▸ Task directions: Your copy should match the entries below exactly, apart from the images.
-------- Supplied entries --------
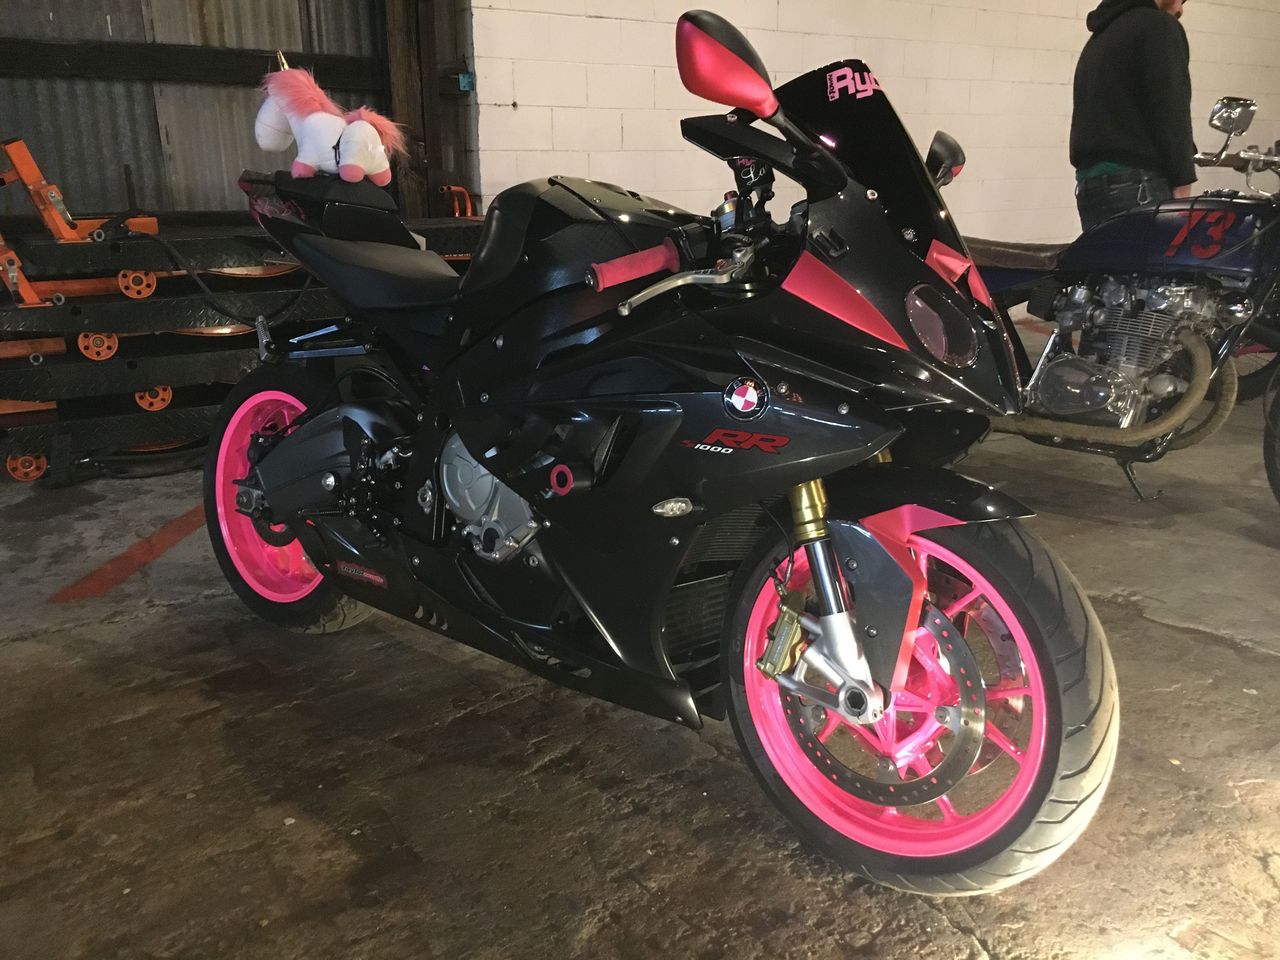 This 2010 S1000RR has aesthetic mods as well as a full Taylormade Exhuast system. One of if not the nicest out-of-the-box exhausts available to the public
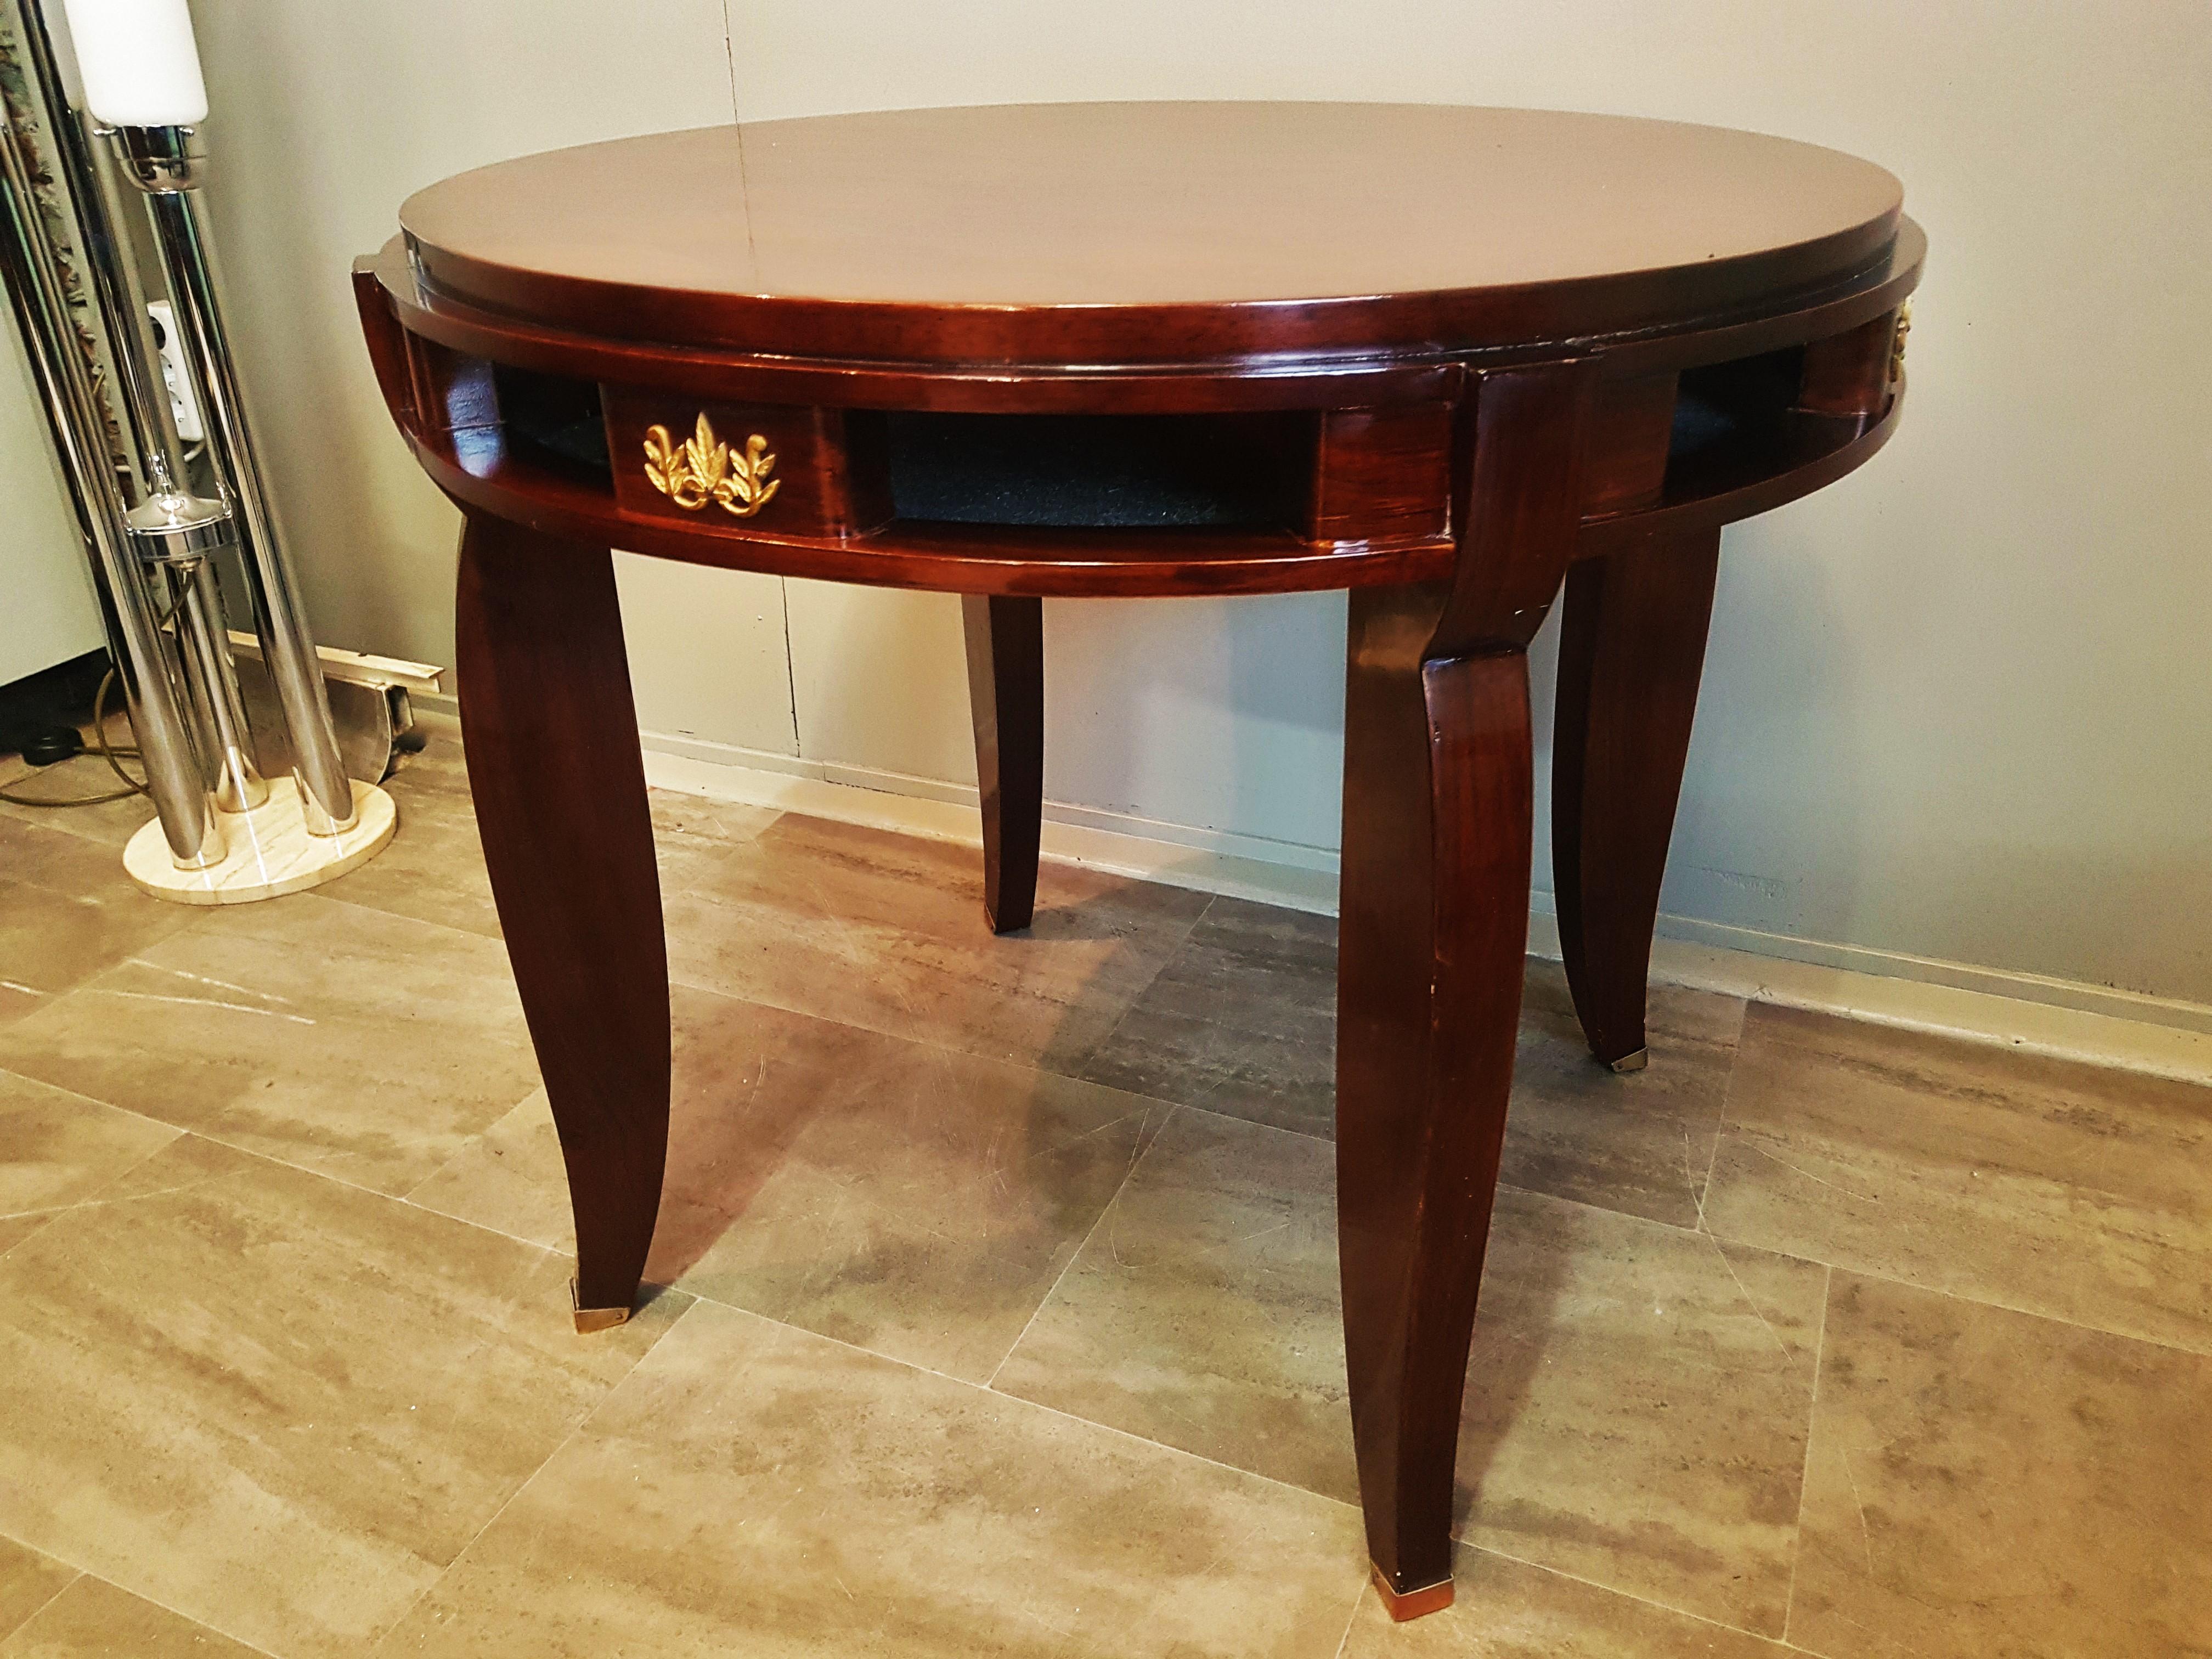 Art Deco gueridon center table by Jules Leleu, France, 1930.

Mahogany wood, marquetry. 4 floral golden details. 4 brass feet sabots.

Fully restored. High gloss laquor, hand polished.



Jules Leleu was a French furniture designer famous
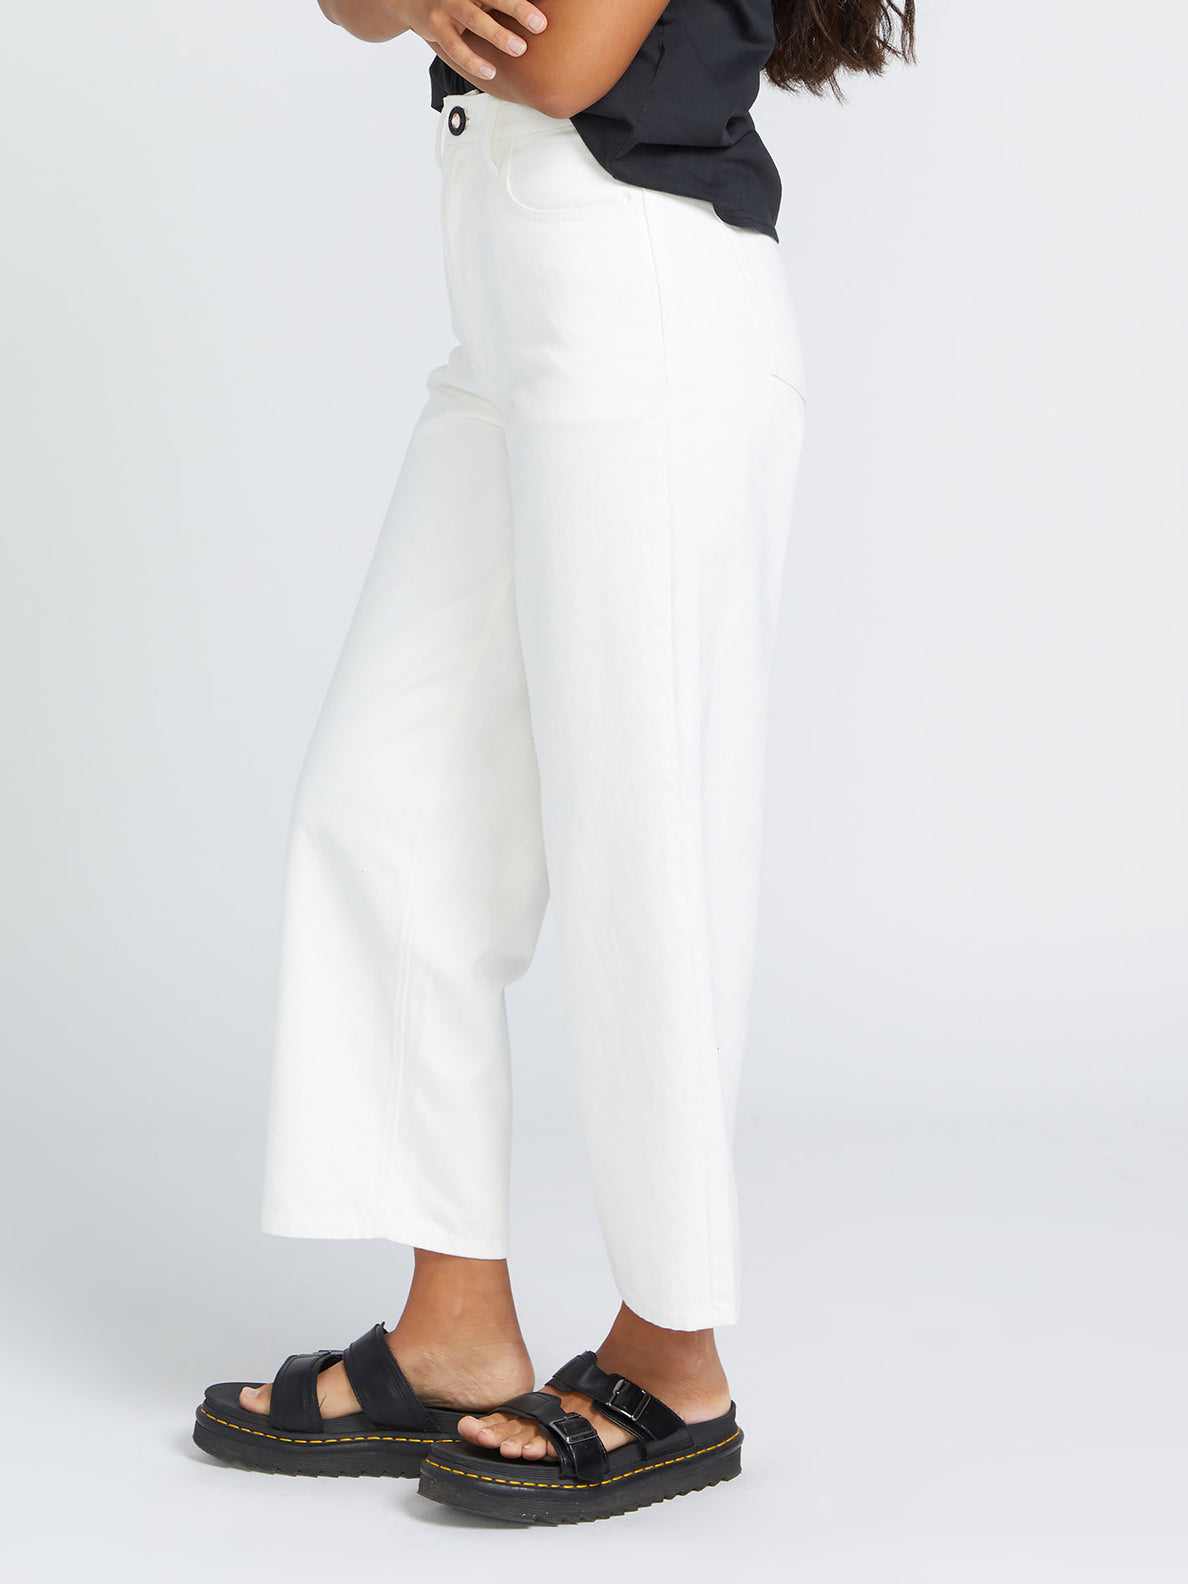 Womens Weellow Jeans - STAR WHITE
--------
▸ Exercise solution:
 This 2010 S1000RR has aesthetic mods as well as a full Taylormade Exhuast system. One of if not the nicest out-of-the-box exhausts available to the public
 Art Deco gueridon center table by Jules Leleu, France, 1930.

Mahogany wood, marquetry. 4 floral golden details. 4 brass feet sabots.

Fully restored. High gloss laquor, hand polished.



Jules Leleu was a French furniture designer famous
 Womens Weellow Jeans - STAR WHITE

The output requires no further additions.